__Data for review__.
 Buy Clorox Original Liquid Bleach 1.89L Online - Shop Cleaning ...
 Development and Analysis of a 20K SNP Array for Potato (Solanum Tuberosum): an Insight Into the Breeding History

---

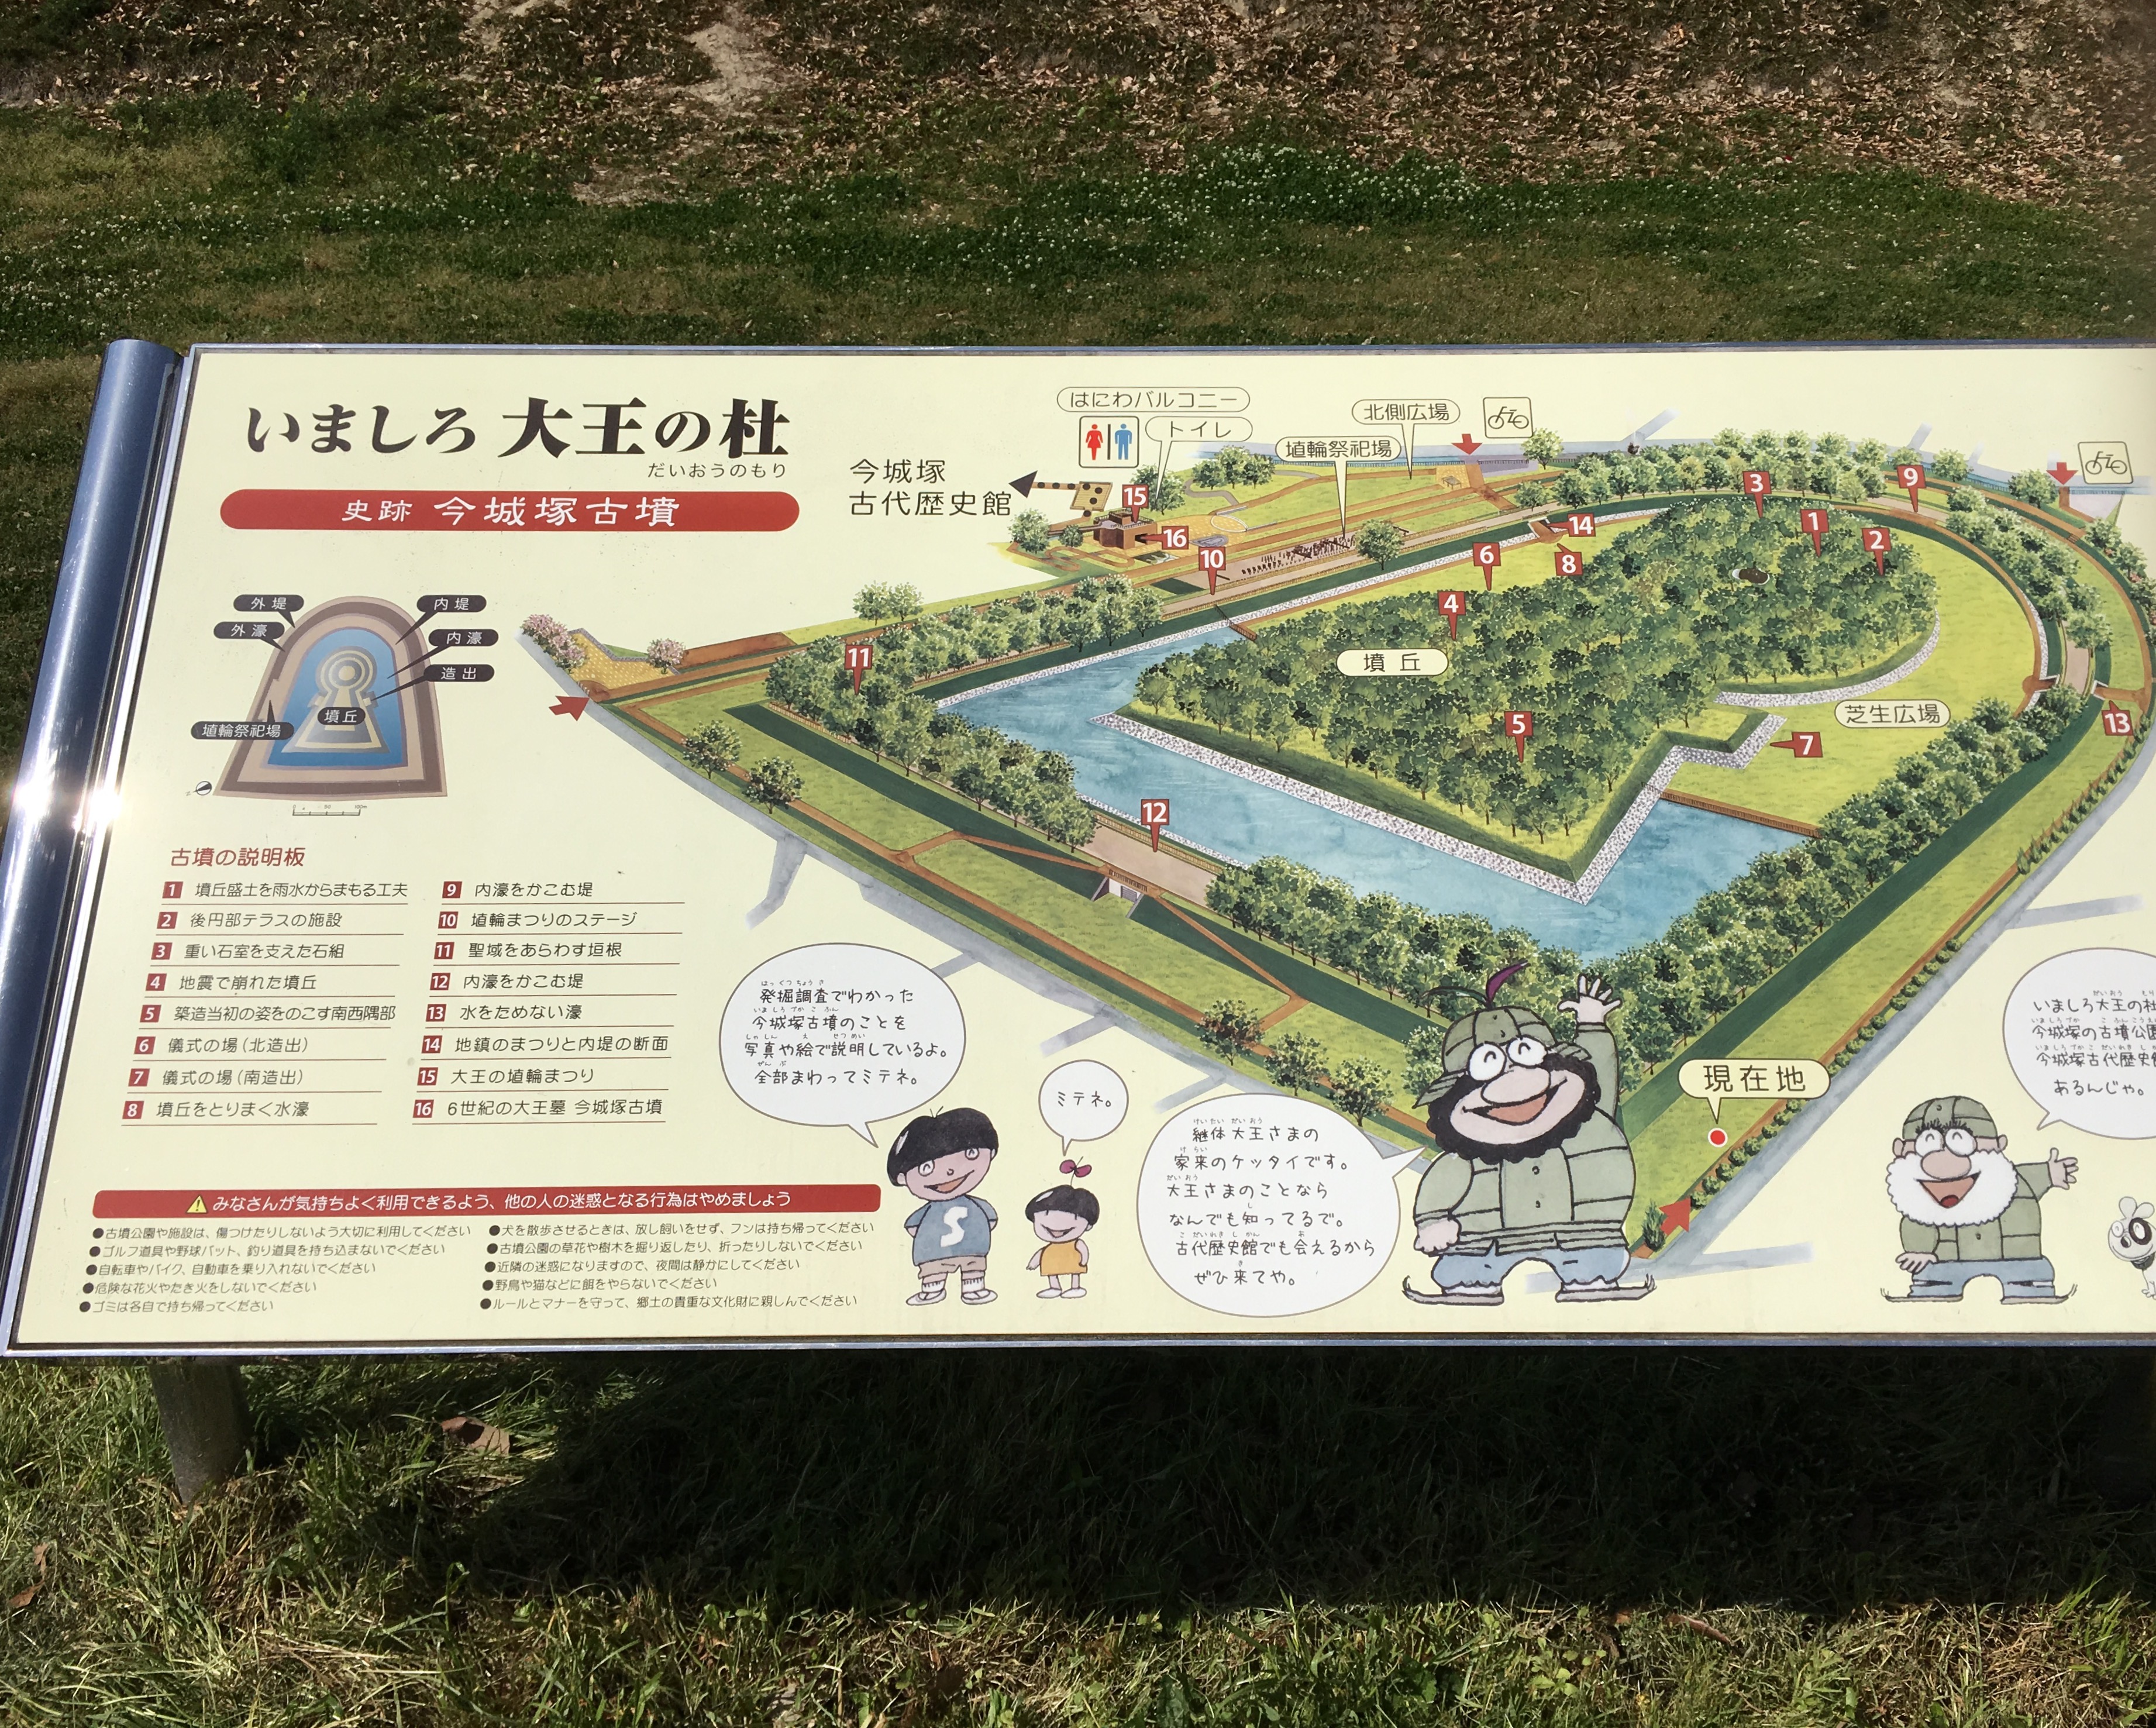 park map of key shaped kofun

__Assigned task__. From the data above, output only the lines between the line containing "Buy Clorox Original" and the line containing "Development and Analysis", inclusive, exactly as written.

__Problem solution__.
 Buy Clorox Original Liquid Bleach 1.89L Online - Shop Cleaning ...
 Development and Analysis of a 20K SNP Array for Potato (Solanum Tuberosum): an Insight Into the Breeding History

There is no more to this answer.